Capitalism has converted to its own ends the many institutions thrown up by society in the course of its development and the sporting institutions have certainly not escaped. Sports and games, once the care-free expression of the joy of living, have become, for most of us, an entertainment to relieve the monotony of living.

At one time, man's sport was centred in the struggle to wrest from nature the means of life. Exceptional prowess in the hunt, etc., was the pinnacle of achievement. But now, except for those whose livelihood is derived from it, sport is practically divorced from the business of producing life's necessities. In a few rare instances, men cling to the old forms of enjoyment connected with the tussle with nature, instance fishing. In the main, sports have taken on a new aspect with each change in the social structure. The games and pastimes of the medieval village differ greatly from the more vigorous pursuits of barbarians before them, and the pay-at-the-gate type of game that we get today.

For the majority of workers nowadays, life is a continual round of drudgery and toil and monotony. They have no control over their labour—no interest in their products. There is no "joy of workmanship" for them. Home comfort  for many is more of an ideal than a fact. They have but few opportunities and little inclination to leave the towns and cities to enjoy the countryside. Too tired after their toil to engage in active recreation, the majority of workers seek a little respite in the entertainments offered them.

This condition of affairs offers a fruitful field for investment to those with wealth to spare. The institution of sport is seized upon and corrupted in the interest of capital. It becomes an industry. We see the amateur displaced by the professional and gate receipts become the motive for organising games. Even the remaining amateurs must play to the gallery to ensure patronage—or just get squeezed out. The players are subject to exploitation and intensification just as are other workers. Players who are at the top of their class are a money-making attraction and the clubs that employ them bind them in a form of slavery.

In a drab and unromantic world people seek thrills and excitement. These are provided by profit seekers whose interest is not in "sport for sport's sake," but in balance sheets and dividends.

Here is an instance of an institution, drawing its vitality from a deep social need, being converted to an instrument for producing profit. That it is used as a means for retarding the spread of revolutionary ideas, we are well aware. Although it may not be a conscious intention to do so, yet the organised professional sports of today serve the same purpose as the gladiatorial contests of the days of the declining Roman Empire. Whilst the exploited populace is applauding the contestants, in either greaves or shin-guards battling with either trident or tennis racquet, they are giving no thought to their exploitation or the means to end it. In this way sport serves a dual purpose. It produces profit for a few and it keeps the minds of the workers filled with thoughts of league matches and cup ties, winners for the 2.30, featherweights and heavyweights, Oxford and Cambridge, greyhounds and hares, holes, goals, tries, l.b.w.'s and all the other jargon and paraphernalia of present-day sport. Not forgetting totalisators and permutations.

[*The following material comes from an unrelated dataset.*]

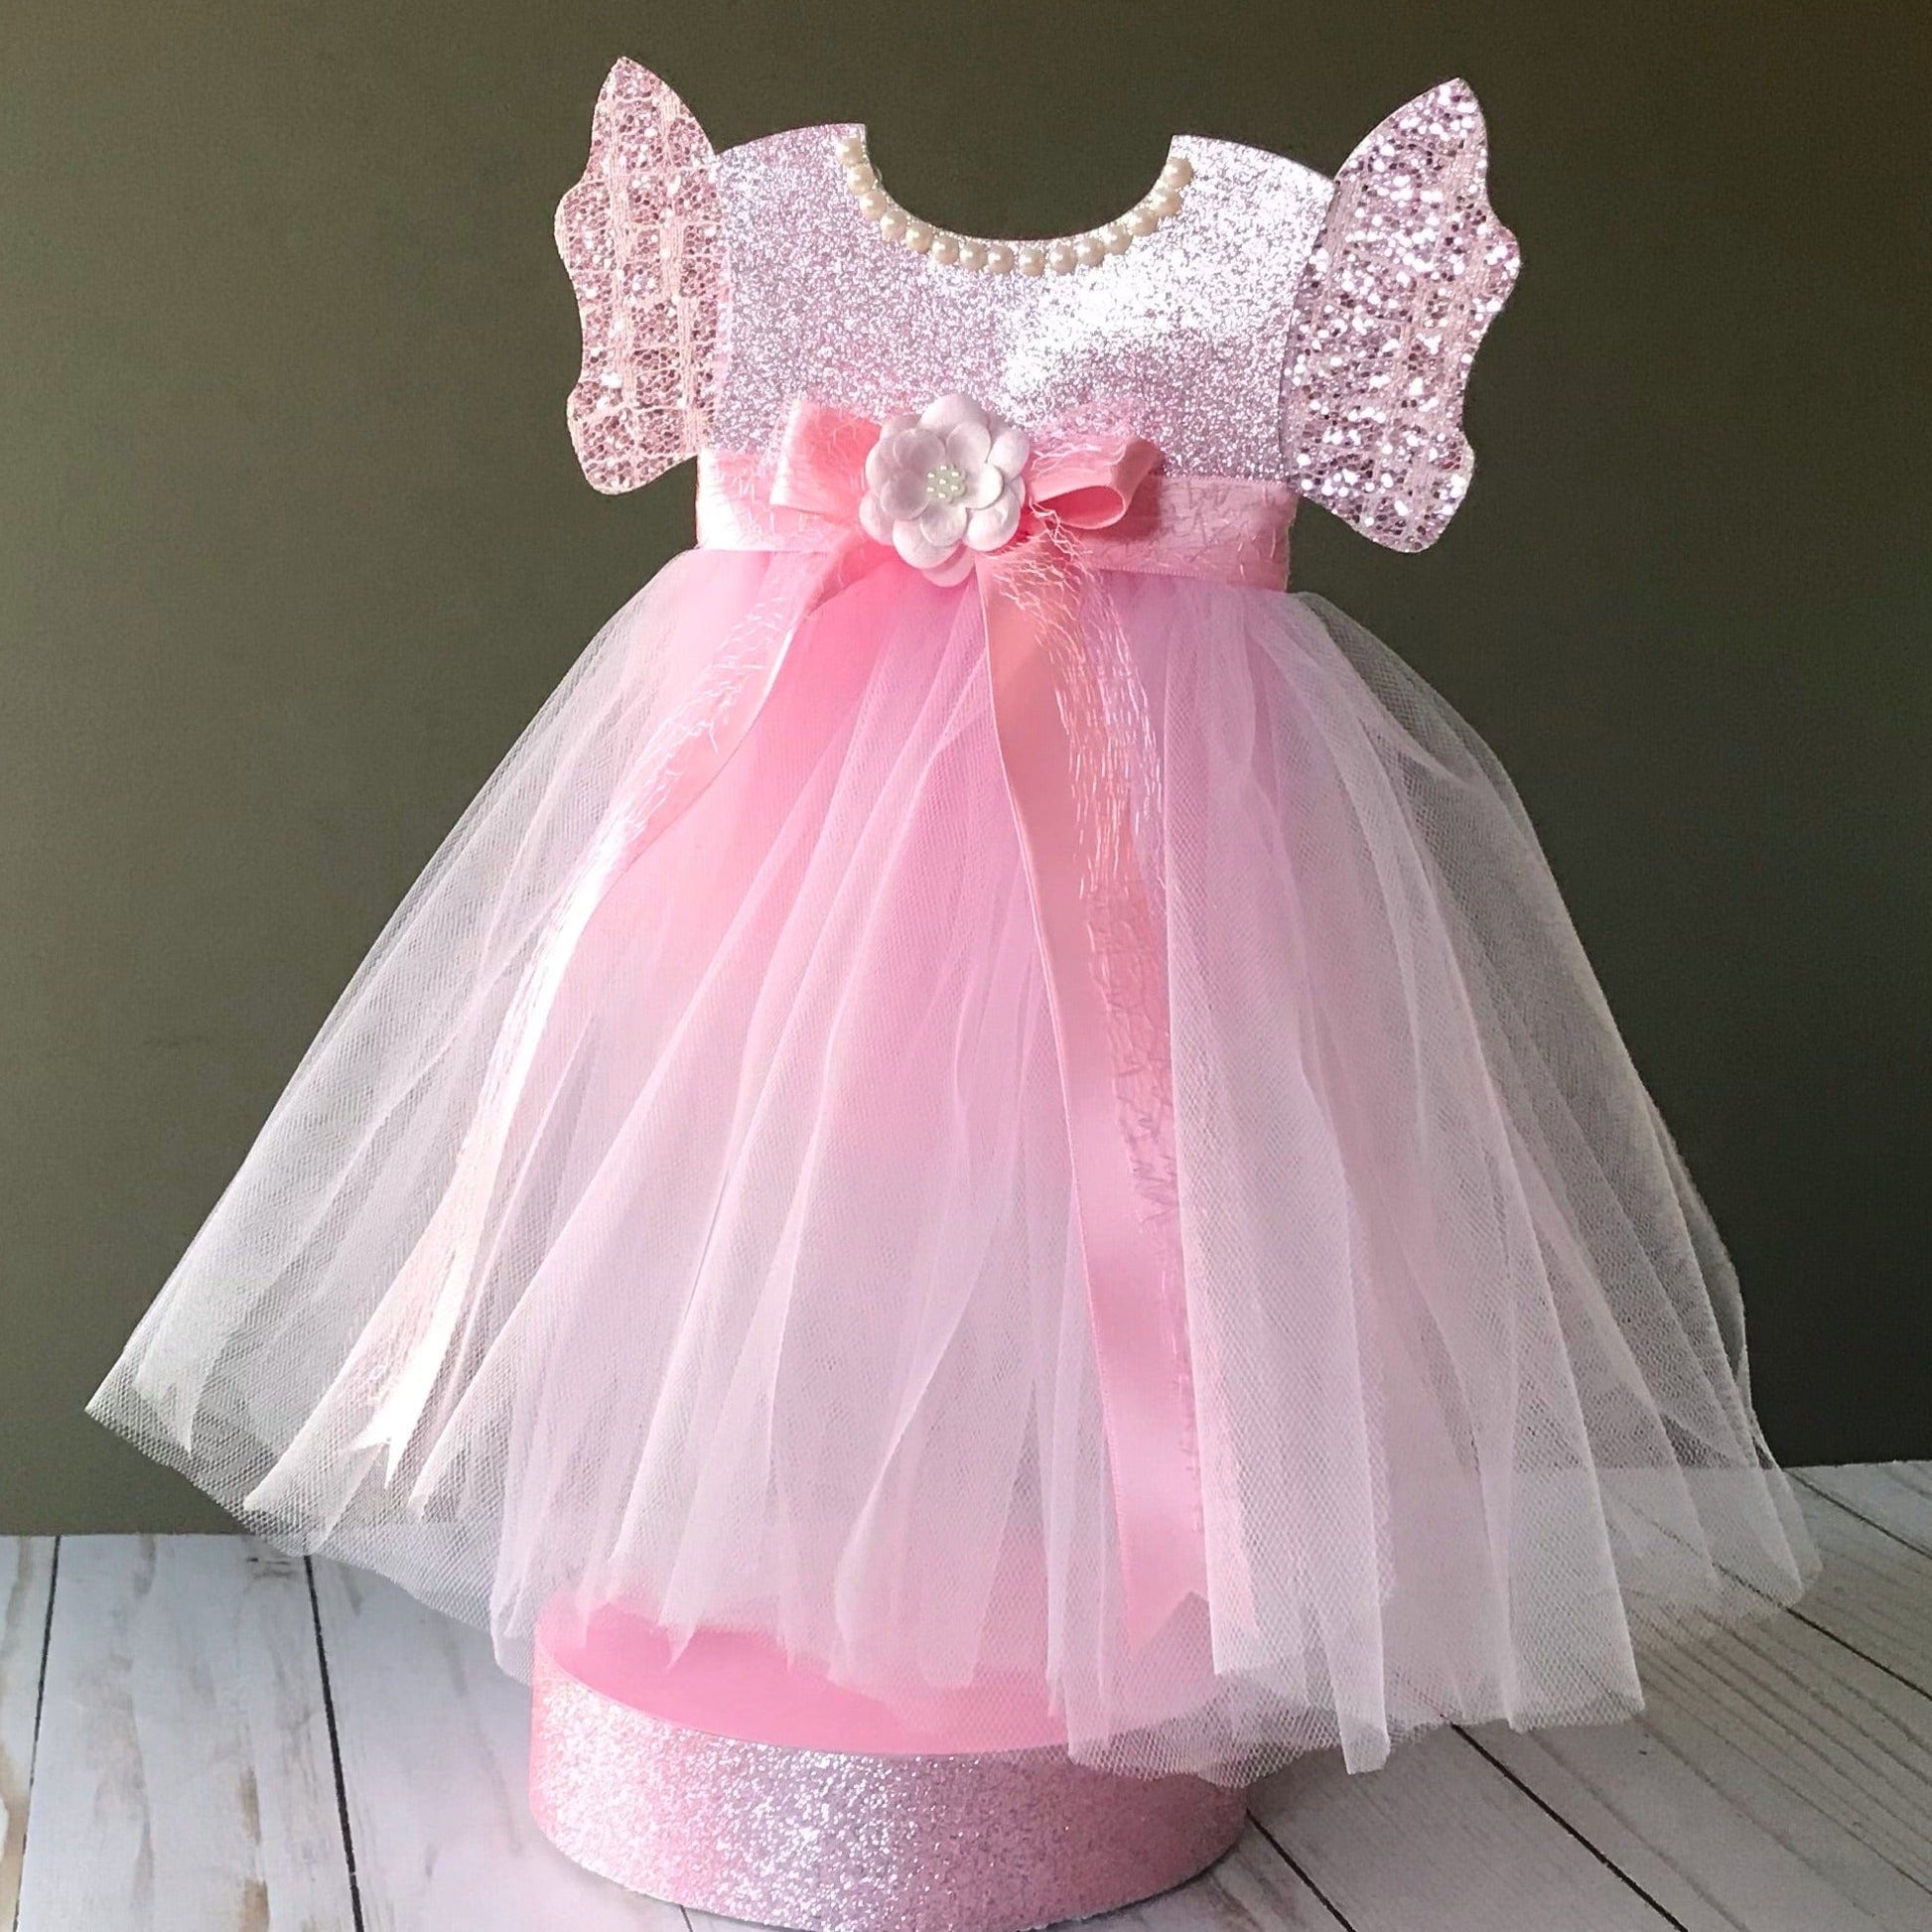 Adriana Ortiz Designs Tutu Dress Centerpiece Tutu dress pink centerpiece for baby shower, birthday party or baptism.

Socialism, by ending exploitation, will end drudgery; by abolishing poverty it will abolish sordidness. Men and women will find life more interesting, they will find that it can be an adventure in itself. They will not be driven to seek artificial excitement. Friendly rivalry will take the place of cut-throat competition, on the sports ground as elsewhere. Sport can then be the means of allowing men to exhibit their physical strength, their fleetness of foot, their keenness of eye, their powers of endurance and their agility. It can satisfy man's desire to play. That was its original function. Capitalism has degraded it. Socialism can amend it. Socialism can make life entertaining so that men can use sports as a means of recreation, so that they will not be so tired and bored that they need to make of it a form of "pass-time."